(YOUR INSTRUCTIONS): Practice item. Set the material below down again exactly, with no pictures.

(DATA SHOWN):

════

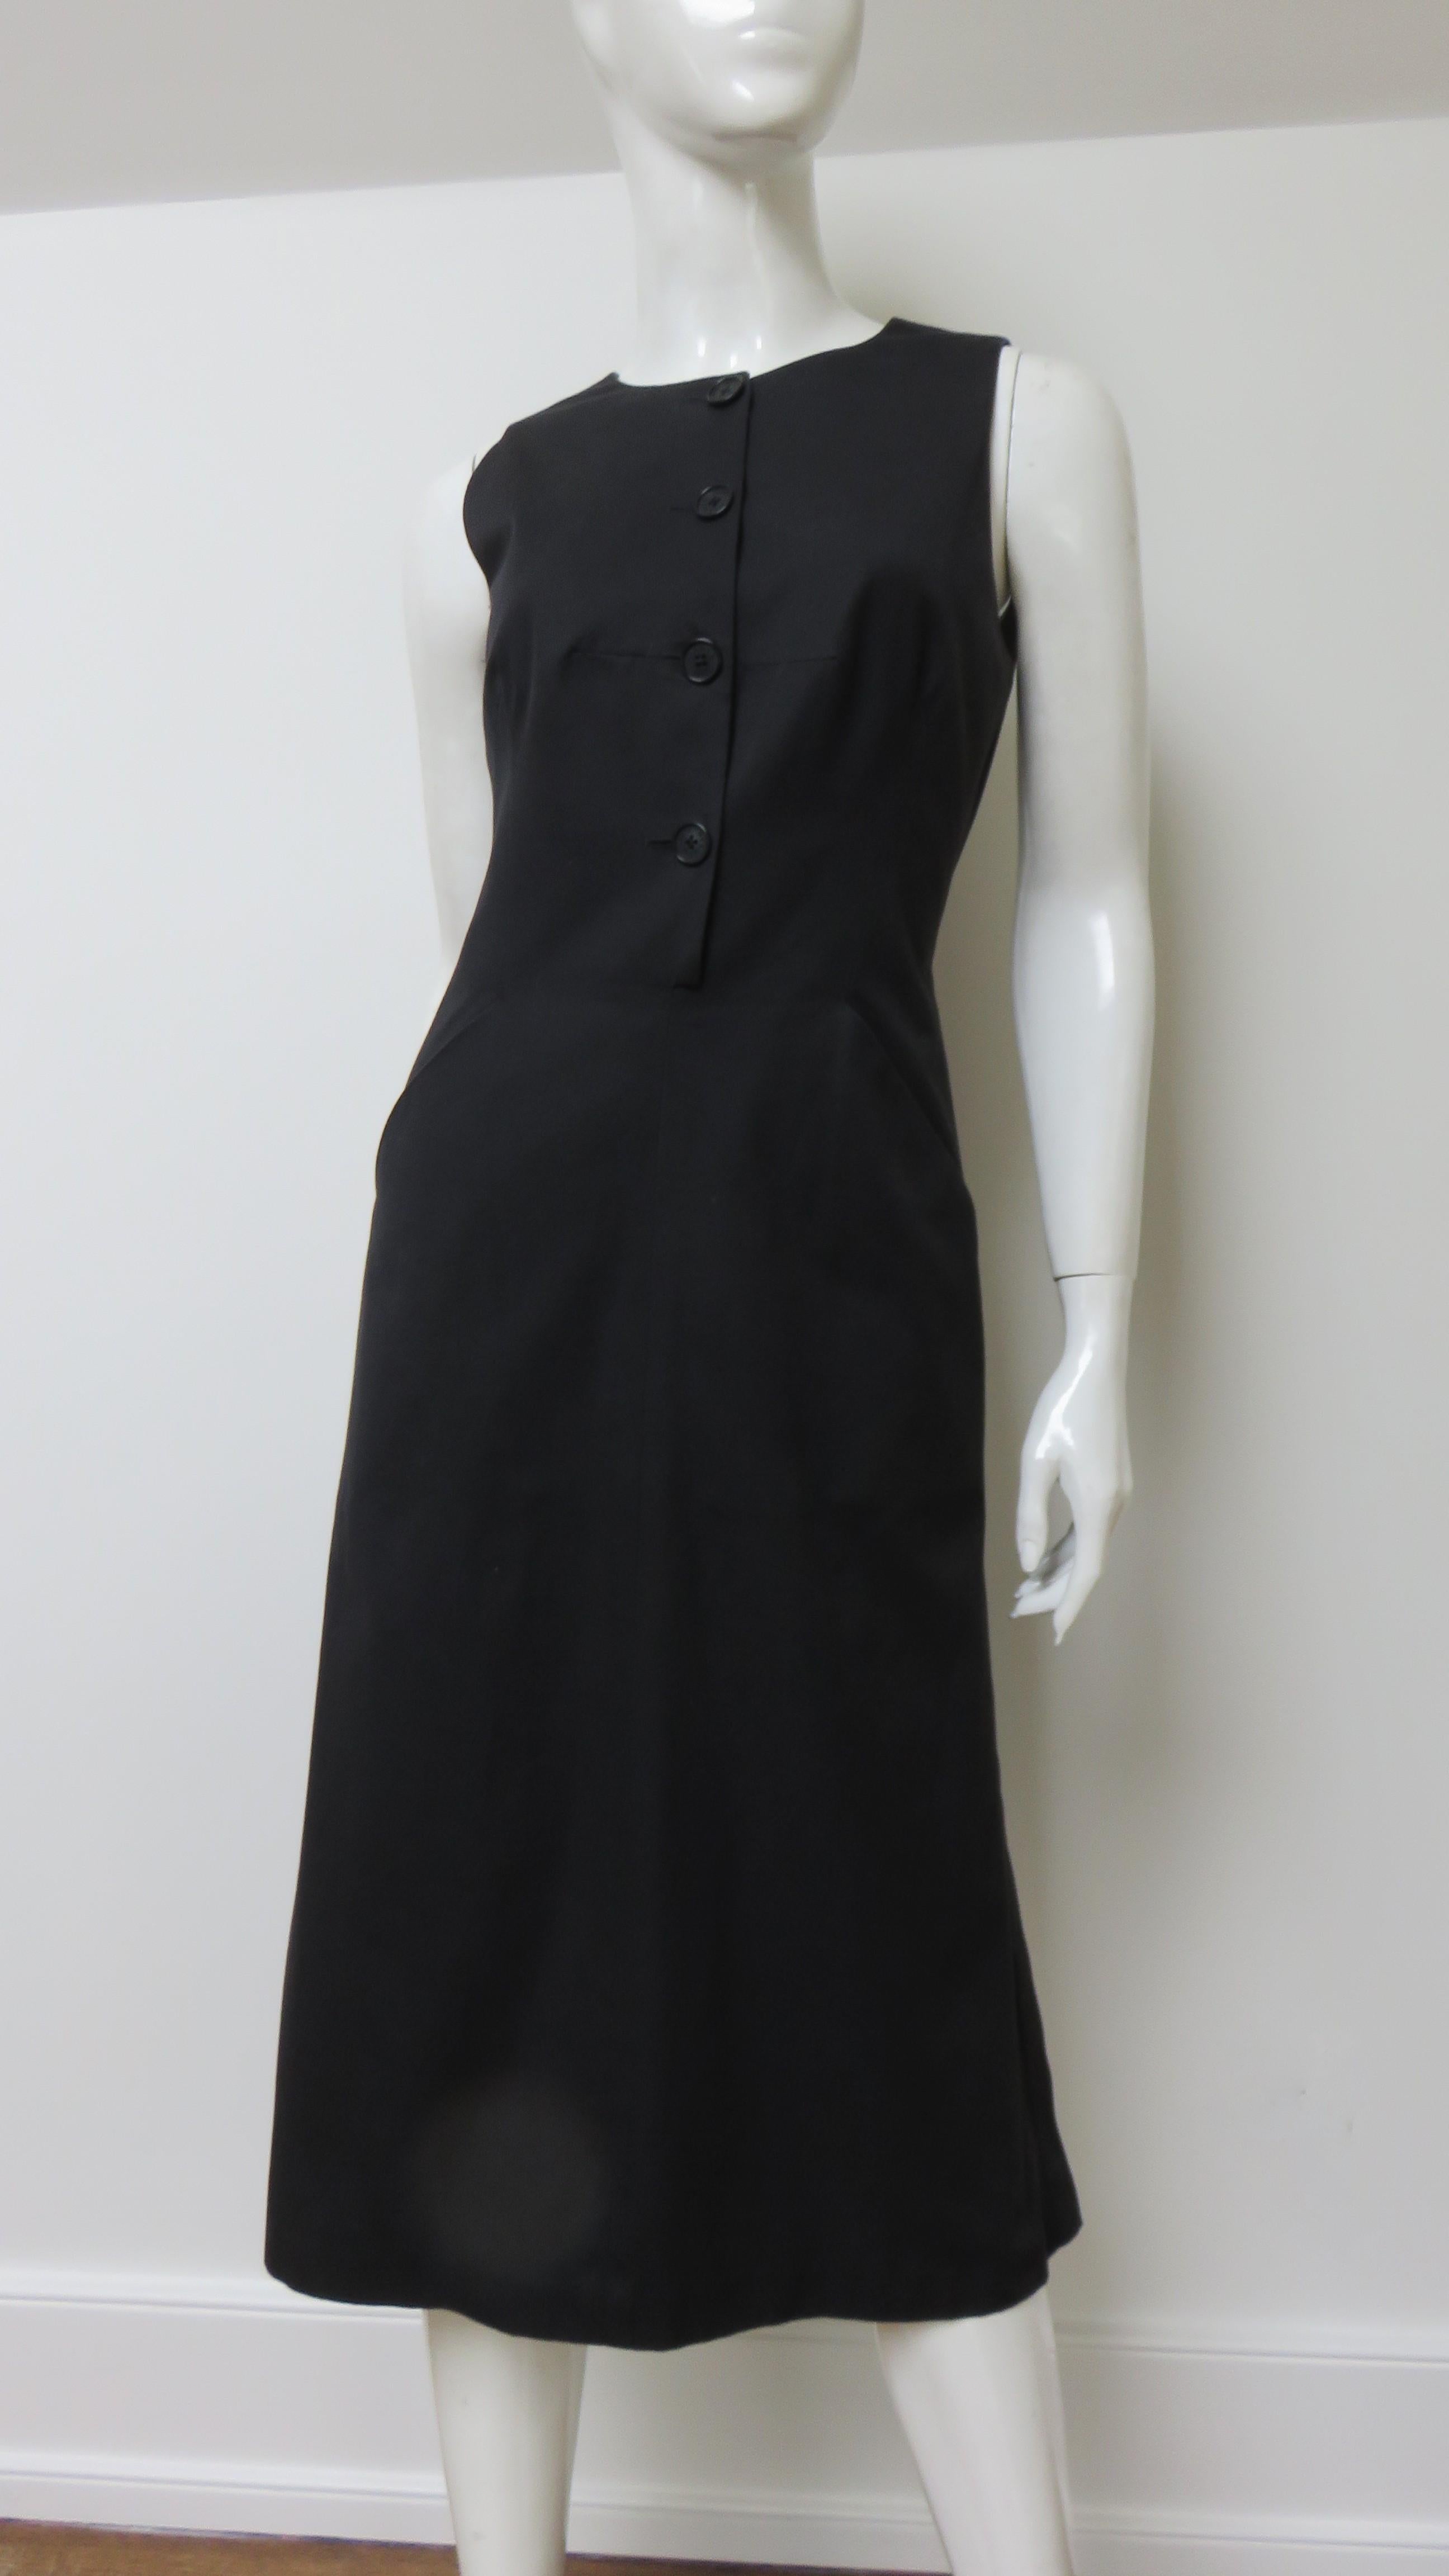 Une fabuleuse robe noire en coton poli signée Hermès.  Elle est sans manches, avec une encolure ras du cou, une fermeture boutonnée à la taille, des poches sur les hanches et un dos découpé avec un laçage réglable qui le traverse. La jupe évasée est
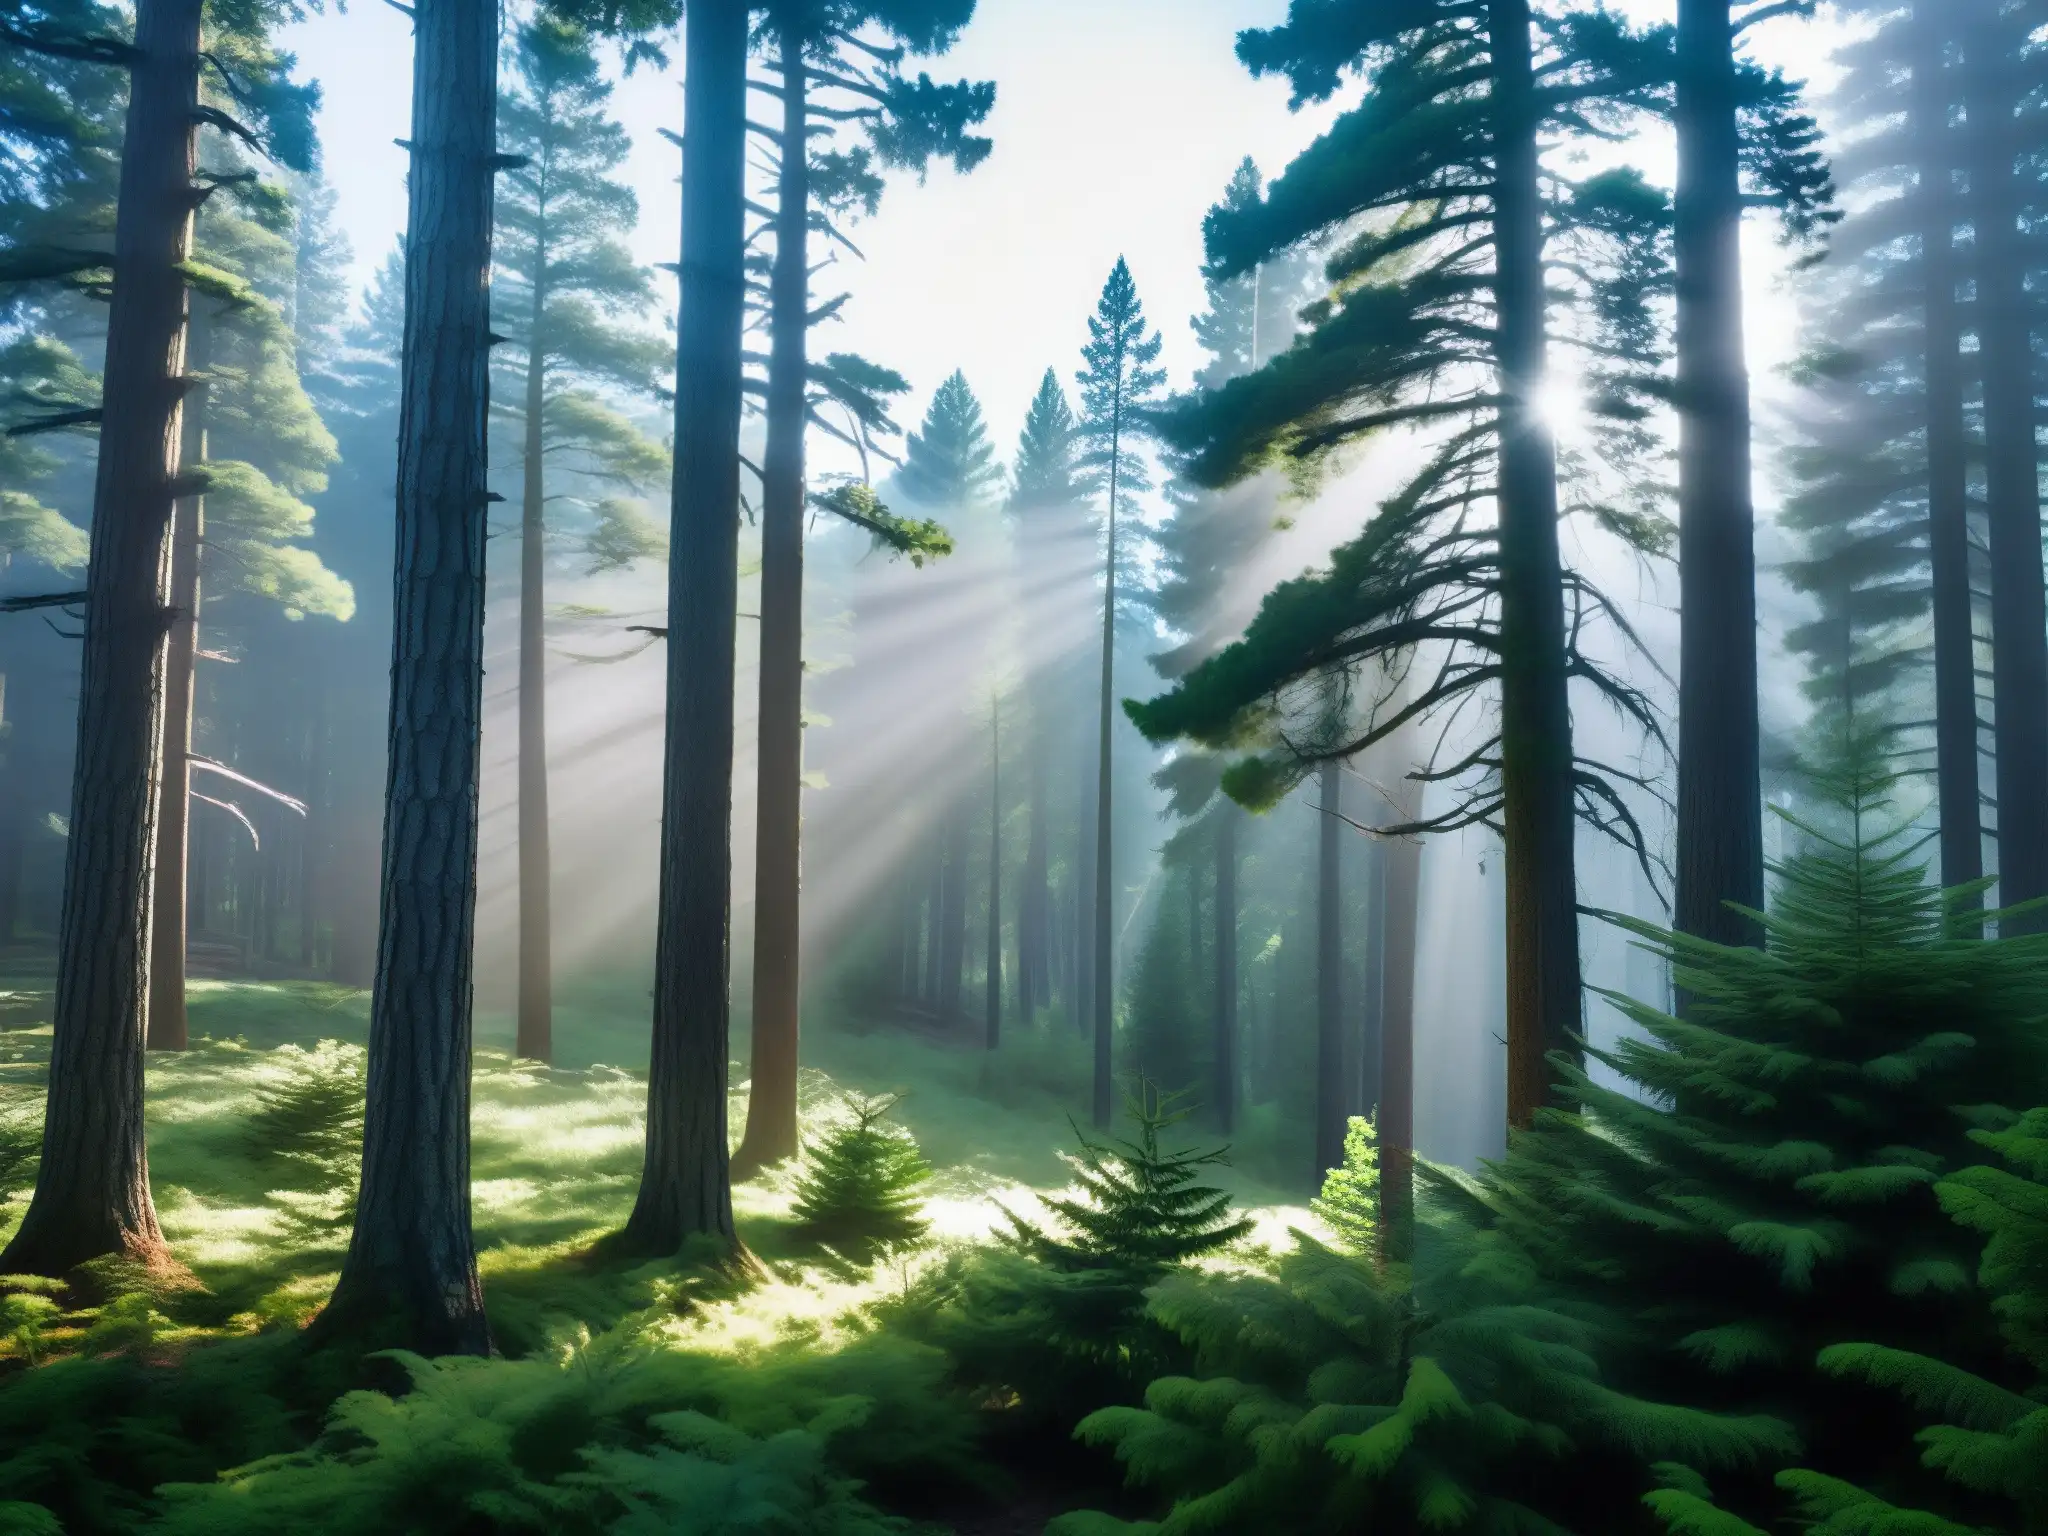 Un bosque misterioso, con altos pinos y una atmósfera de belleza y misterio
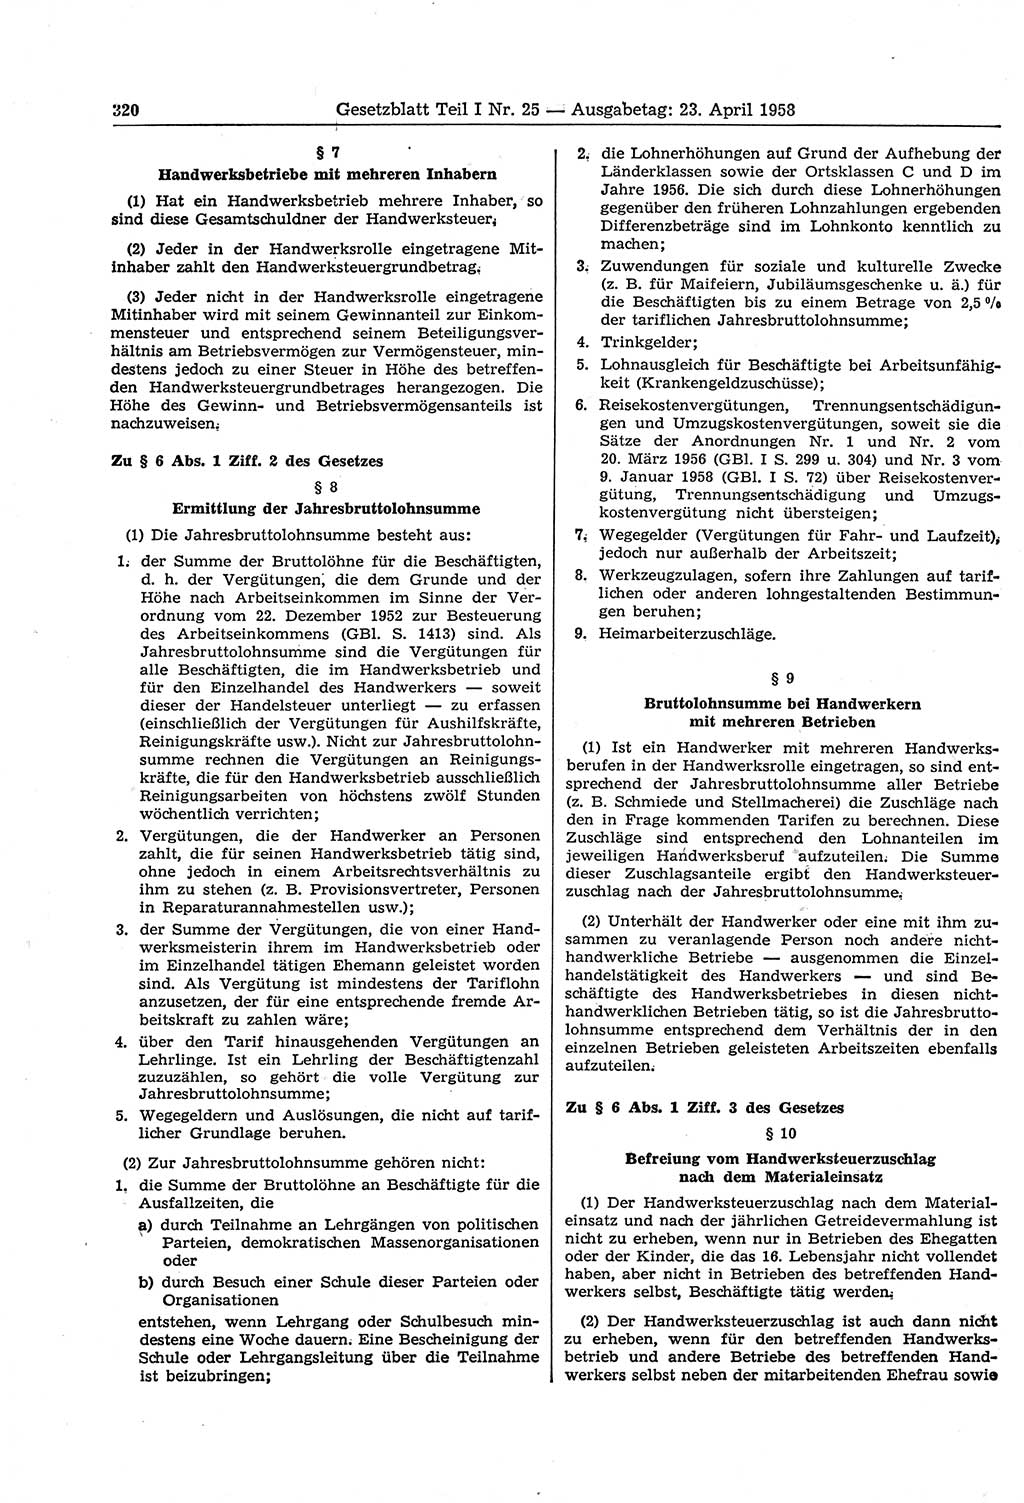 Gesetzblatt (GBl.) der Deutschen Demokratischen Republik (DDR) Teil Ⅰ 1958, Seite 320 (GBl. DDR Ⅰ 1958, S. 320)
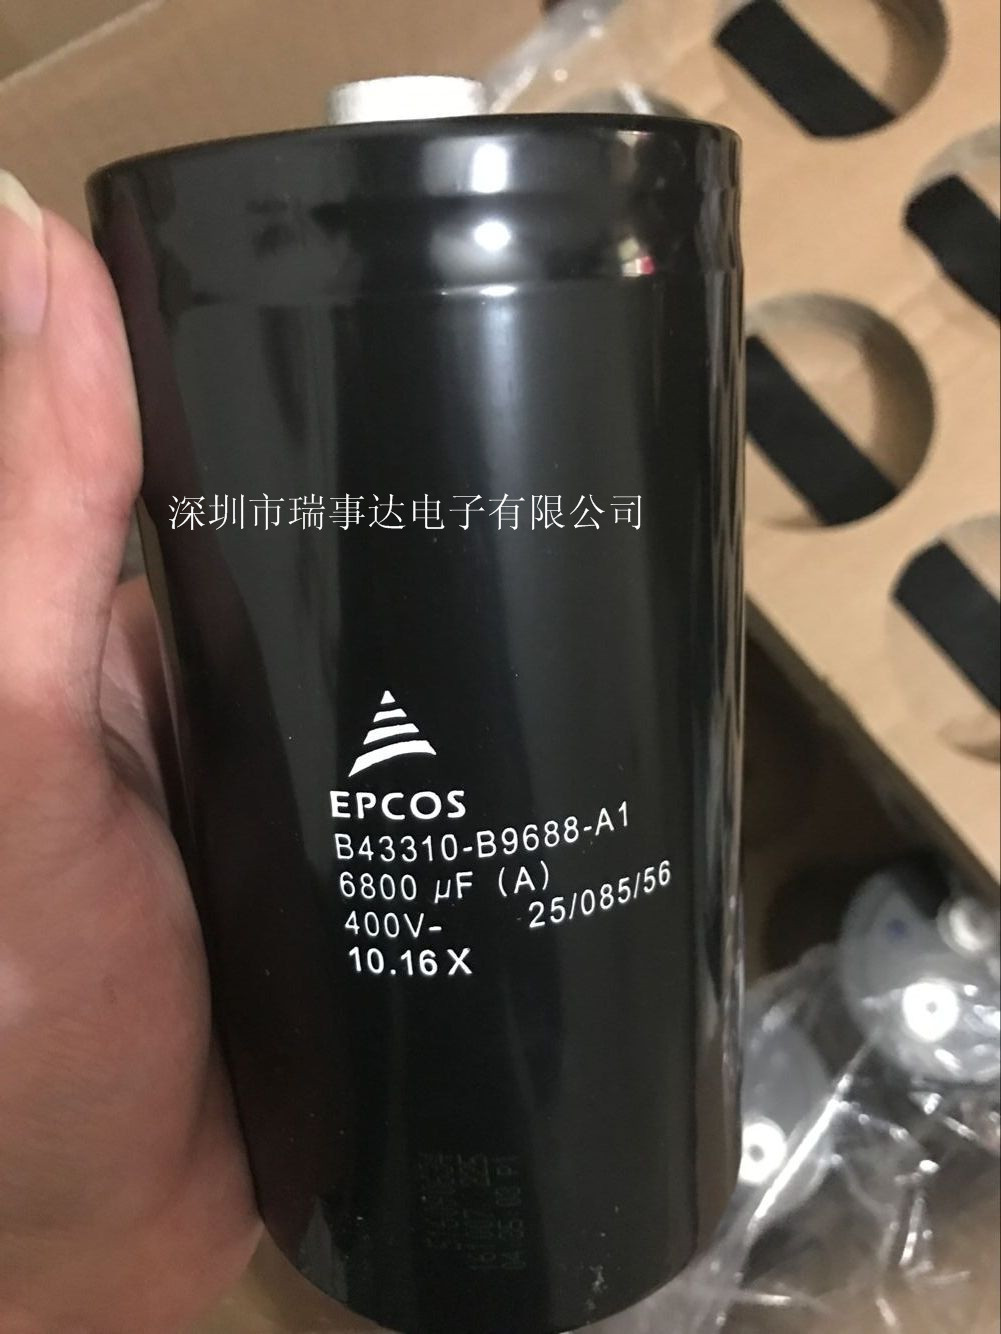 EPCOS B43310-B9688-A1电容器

════

(SOLUTION TO THE PROBLEM):
 Une fabuleuse robe noire en coton poli signée Hermès.  Elle est sans manches, avec une encolure ras du cou, une fermeture boutonnée à la taille, des poches sur les hanches et un dos découpé avec un laçage réglable qui le traverse. La jupe évasée est
 Un bosque misterioso, con altos pinos y una atmósfera de belleza y misterio
 Gesetzblatt (GBl.) der Deutschen Demokratischen Republik (DDR) Teil Ⅰ 1958, Seite 320 (GBl. DDR Ⅰ 1958, S. 320)
 EPCOS B43310-B9688-A1电容器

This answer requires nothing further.